Con l'inizio dell'ultimo trimestre, e in particolare dell'ultimo mese di gravidanza la donna si trova di fronte a nuove modificazioni fisiologiche: il feto aumenta di peso e di volume, le contrazioni fisiologiche si possono accentuare, il corpo si trova a doversi adattare a nuovi cambiamenti. Gli interrogativi riguardano: "come sarà il parto", "come sarà il bambino, che peso avrà". Il timore per il dolore e la capacità o meno di sopportarlo e superarlo accompagnano quest'ultimo periodo. Nella realtà il timore del dolore fisico e della propria capacità di poterlo affrontare, porta in sé anche il dolore emotivo per la separazione e il concludersi della relazione privilegiata che madre e feto hanno vissuto durante tutti i mesi della gravidanza. L'interrogativo che spesso si sente pronunciare dalle donne è "sarò capace di partorire?" che nasconde in sé un'altra domanda: "sarò capace di separarmi da questo bambino?" .
Il parto solleva anche le aggressività profonde della donna. Per partorire occorre attingere alla forza del femminile, alla natura profonda, selvaggia, misteriosa dell’essere donna: questo può spaventare. Le spinte durante le contrazioni non debbono essere frenate, la respirazione deve essere sostenuta, profonda, tutto il corpo è in azione, la mente deve solamente accompagnare il ritmo della vita nascente. Il confronto con il parto è il confronto con le radici della vita, e richiede di mettere tra parentesi tutte le sovrastrutture psicologiche e culturali.

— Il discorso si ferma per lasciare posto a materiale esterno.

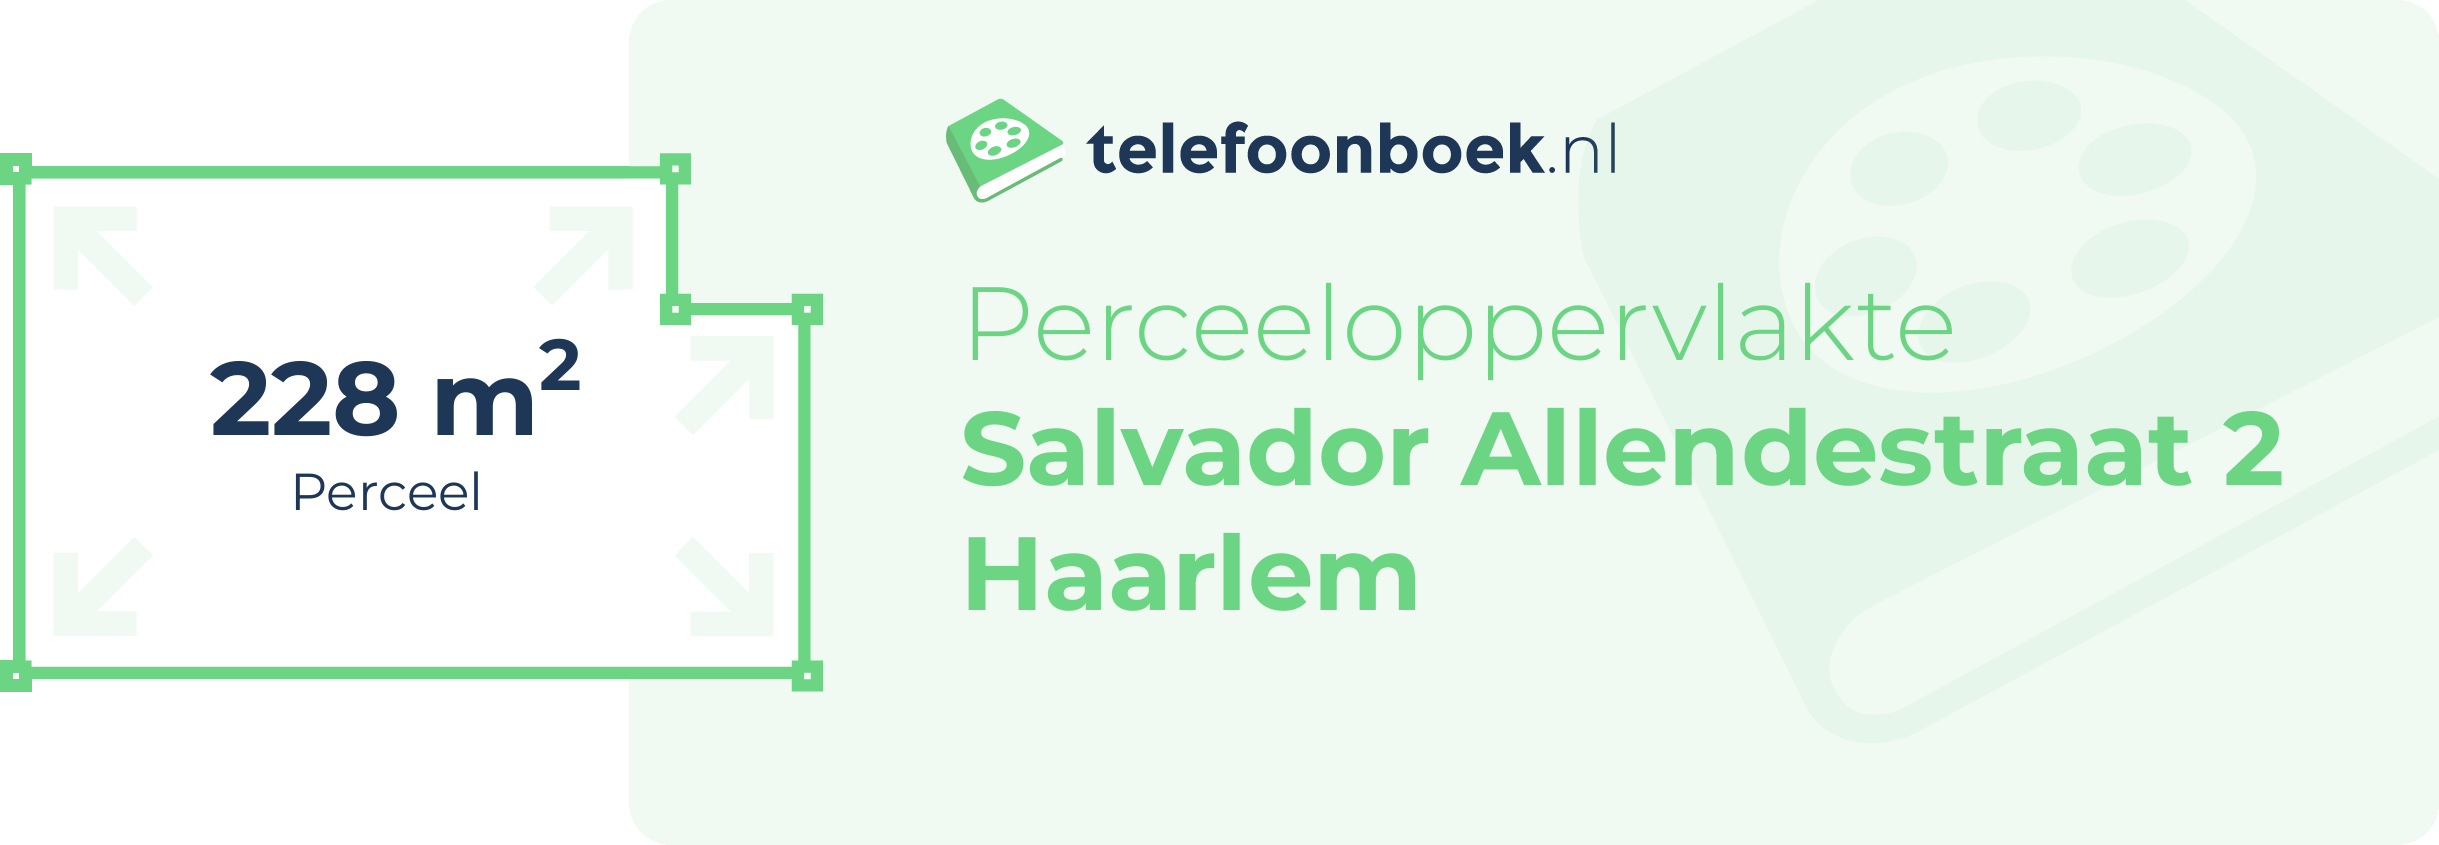 Perceeloppervlakte Salvador Allendestraat 2 Haarlem

Il parto infine avvicina la donna alla maternità, al momento in cui incontrerà il figlio reale al di là di quello immaginato per nove mesi e anche di più. Se la gravidanza può essere vissuta narcisisticamente come il bisogno di sentirsi sana e funzionante, fertile, con la maternità prevale invece il bisogno di occuparsi di un’altra persona, il proprio figlio. Il parto è il passaggio dalla gravidanza alla maternità reale.

Il parto cesareo

Secondo una recente ricerca che ha indagato le modalità di parto correlate ai tipi di genitorialità, le donne che partoriscono con parto naturale hanno indici maggiori di depressione nel corso della gravidanza rispetto alle donne che partoriscono con parto cesareo programmato, ma dopo tre mesi le prime (parto spontaneo) riscontrano una netta diminuzione degli aspetti depressivi mentre le seconde (parto cesareo) hanno un aumento sensibile delle problematiche depressive.

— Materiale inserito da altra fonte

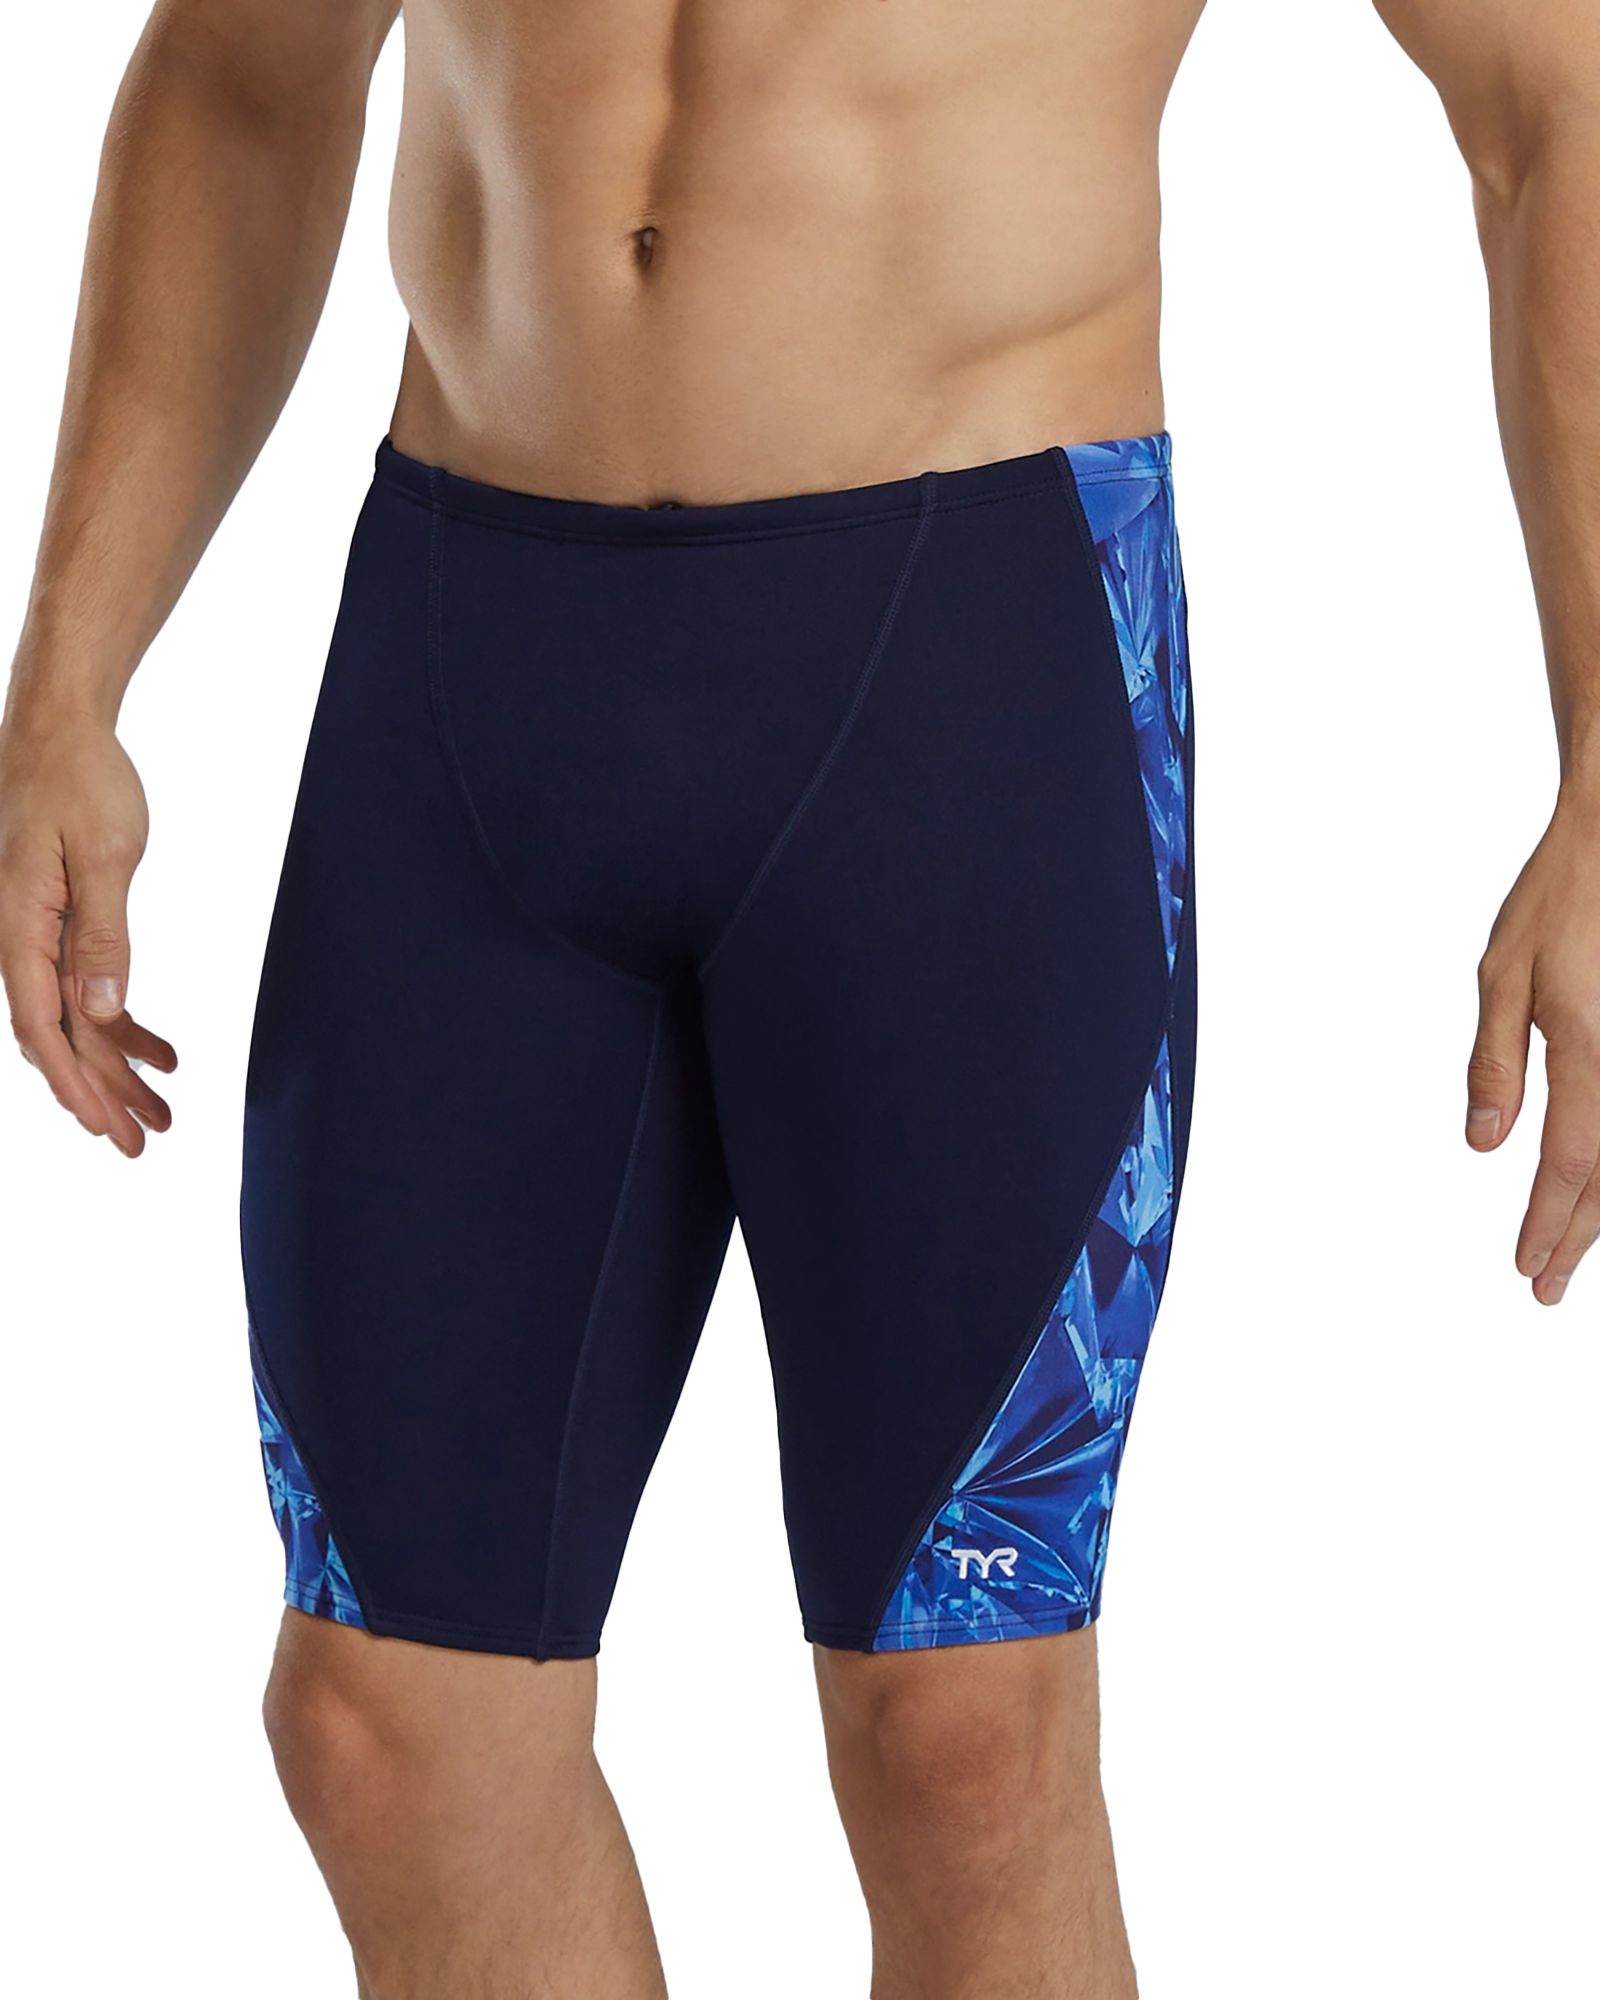 Photos - Swimwear TYR Men's Durafast Eliste Crystalized Jammer Swimsuit, Size 36, Blue 23TYR

Inoltre, le donne che partoriscono con il cesareo, rispetto alle donne con parto naturale, si rappresentano  il bambino come più intraprendente e vivace ma meno pulito e, dopo il parto vedono se stesse come più disordinate e il bimbo come più pasticcione. Il parto con il cesareo programmato, che sembra essere visto come più asettico e pulito, fa nascere un bambino e una madre più pasticciati!
Si può ipotizzare che il parto naturale permetta alla psiche della madre di esprimere maggiormente i propri stati d’animo depressivi ma anche di poterli successivamente elaborare più positivamente. Al contrario il parto cesareo sembra aiutare a non provocare ansie e depressioni nelle gestanti, ma impedisce quella gravidanza e quel parto “psichici” che garantiscono di elaborare le ansie e le paure fisiologiche della maternità.